Auf den Social Media-Plattformen Twitterund Facebook teilt sie nun ihre Geschichte, die auch in einem Fachjournalerschienen ist. Ihre Geschichte beginnt mit der Einlieferung ins Krankenhaus am 1. April 2020, nachdem sie eine Woche anhaltender Husten, Fieber und zunehmende Atemnot geplagt hatten. Nachdem sich ihr Zustand ab dem 4. April zusehends verschlechterte und sie aufgrund des Sauerstoffmangels visuelle Halluzinationen hatte, wurde die 42-Jährige auf die Intensivstation verlegt. Man würde sie ins medizinisch induzierte Koma legen und es bestünde die Möglichkeit, dass sie nicht überleben würde, teilten ihr die Ärzte mit.

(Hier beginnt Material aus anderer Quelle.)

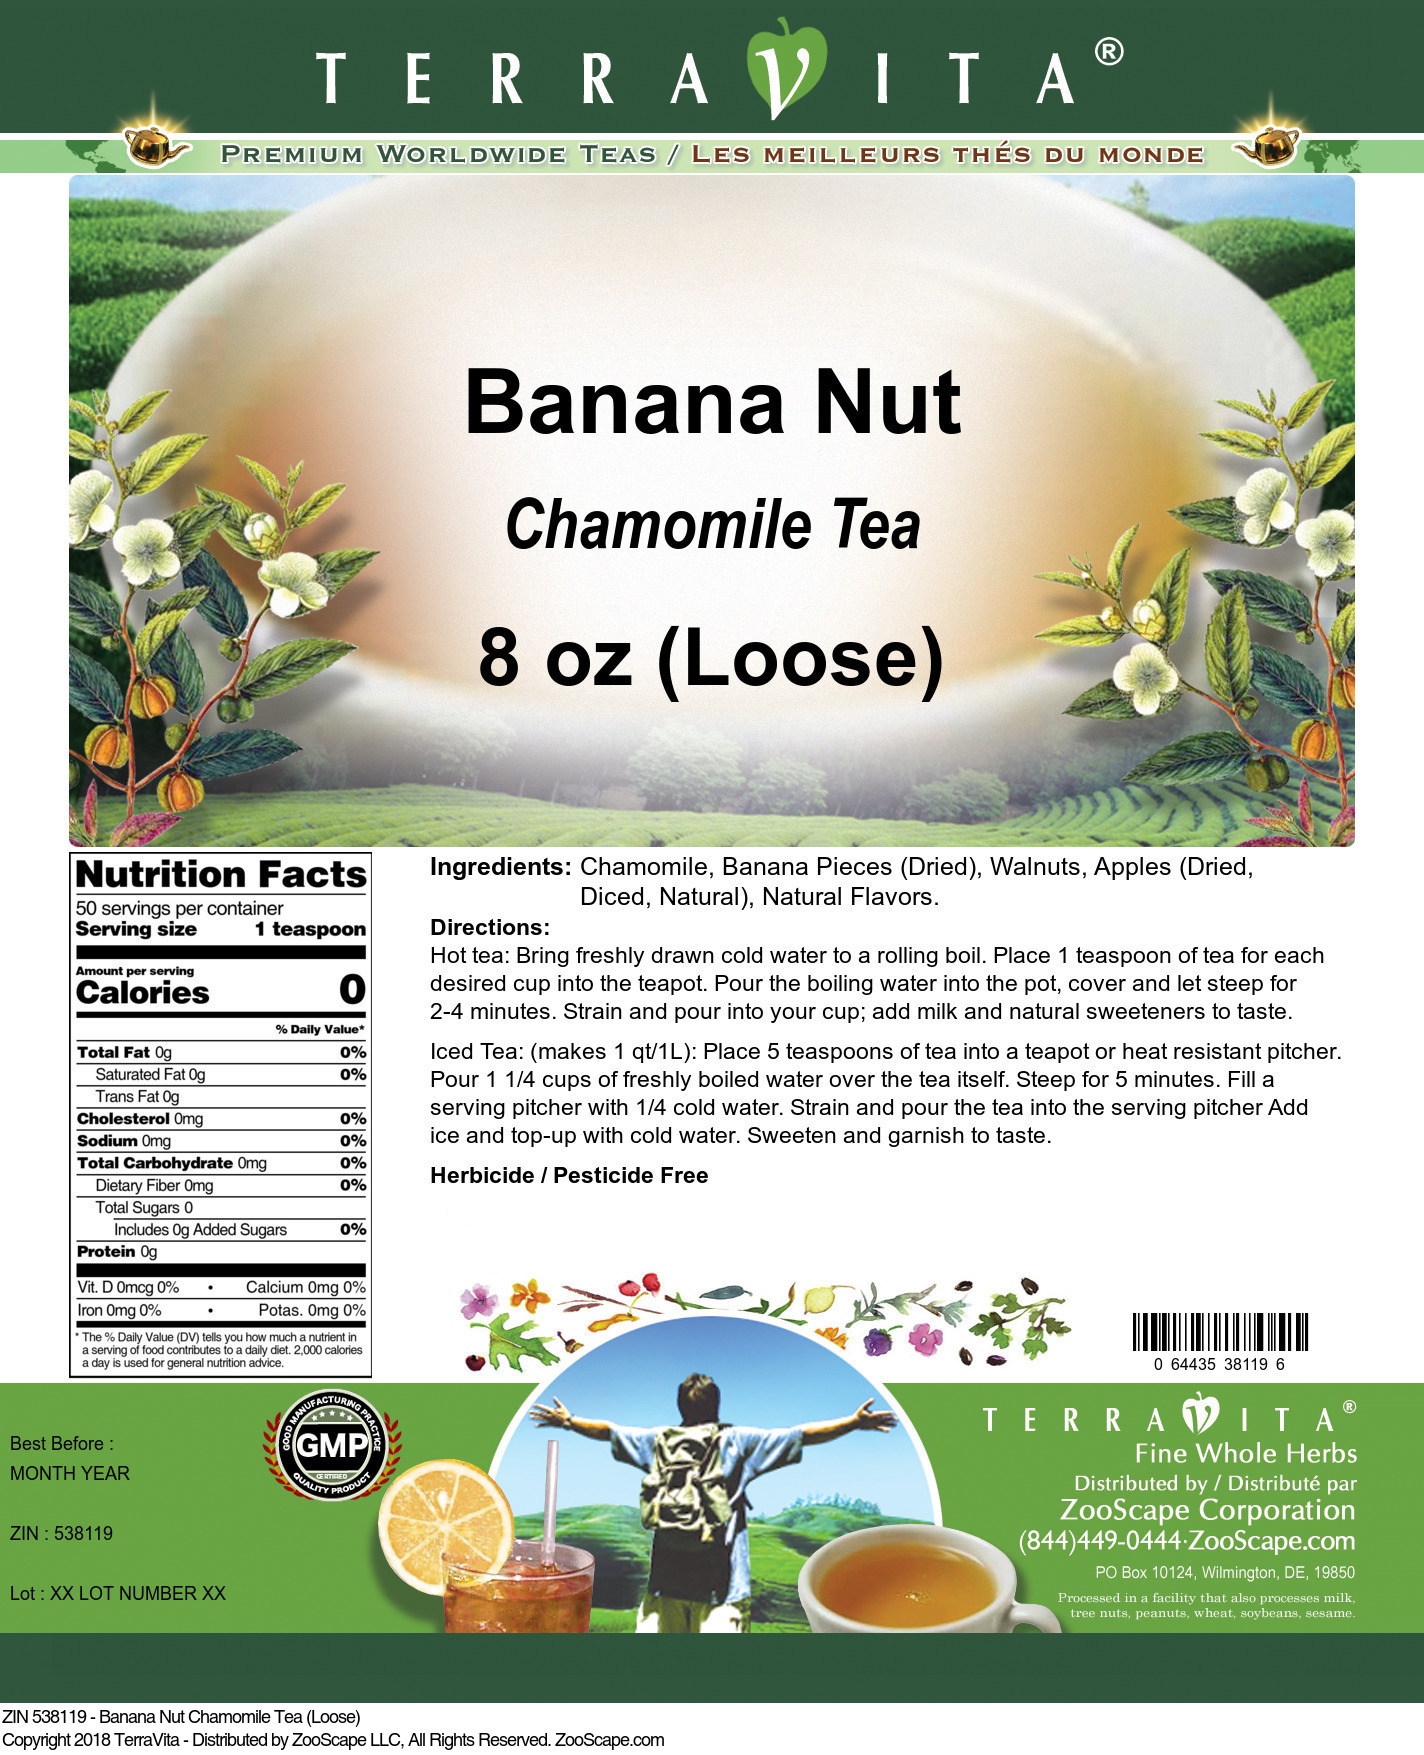 Banana Nut Chamomile Tea (Loose)

"Meine schlimmsten Befürchtungen wurden wahr. Ich rief meinen Mann an und bat darum, unsere Tochter per Videoanruf zu sehen, da ich dachte, dass ich sie nie wieder sehen würde. Ich befürchtete, dass sich der Traum, den mein Mann und ich hatten, nämlich gemeinsam alt zu werden, nie erfüllen könnte. Ich musste jedoch meinem Mann zuliebe gelassen bleiben, der ebenfalls für unsere Tochter stark sein musste".

34 Tage an der Herz-Lungen-Maschine

In der Nacht des 13. April 2020 war es soweit, sie wurde ins künstliche Koma versetzt und an die ECMO angeschlossen. ECMO steht für "Extra Corporeal Membrane Oxygenation" - eine Maschine, die die Arbeit der Lunge übernimmt, während diese sich ausruht und selbst repariert. "Sie war einer der wichtigsten Schlüssel zu meinem Überleben", schreibt Gupta in ihrem Bericht.

Konnte nicht mehr sprechen

34 Tage war Gupta auf die ECMO angewiesen, hat daran aufgrund des Komas aber keinerlei Erinnerung. Während der Genesung und Rehabilitation musste Gupta zahlreiche körperliche und geistige Herausforderungen bewältigen. "Als ich von den Beruhigungsmitteln entwöhnt wurde, stellte ich erschrocken fest, dass ich keine Stimme hatte. Es war so beunruhigend, dass ich nicht kommunizieren konnte. Meine Kehlkopfmuskeln waren aufgrund der langen Intubation zugeschwollen." Gupta kommunizierte mittels Plakate mit dem Personal, aber das erwies sich als schwierig, da ihre Hände so schwach waren, dass sie nicht auf das richtige Feld zeigen konnte.

Anfangs wurde die Patientin über eine Sonde durch die Nase ernährt, später begann die orale Nahrungsaufnahme. Anushua Gupta berichtet von veränderten Geschmacks- und Geruchsempfindungen und eine Überempfindlichkeit im Rachen. Inzwischen kann sie auch wieder sprechen: "Anfänglich war meine Stimmqualität sehr schlecht. Sie war nur ein Flüstern und klang allmählich heiser. Ich erinnere mich, dass sich mein Hals nach einem langen Tag oft sehr wund anfühlte. Ich war sehr besorgt, dass sich meine Stimme nicht normalisieren könnte, vor allem, weil ich Allgemeinmedizinerin bin und mein Job sich ums Sprechen dreht, und auch, dass ich nicht in der Lage sein würde, mit meinem Kleinkind Reime zu singen! Ich würde sagen, dass meine Stimme noch nicht ganz wieder normal ist. Sie klingt immer noch etwas heiser, aber sie hat sich durch die Stimmtherapie enorm verbessert".

Über vier Monate im Spital

Insgesamt 150 Tage lag Gupta im Krankenhaus. Sieben Monate nach ihrer Entlassung aus dem Spital möchte sie mit ihrem Erfahrungsbericht Betroffenen Hoffnung geben. Ihre Genesungs- und Rehabilitationsphase wird, obwohl sie bereits an ihren Arbeitsplatz als Allgemeinmedizinerin zurückgekehrt ist, noch andauern.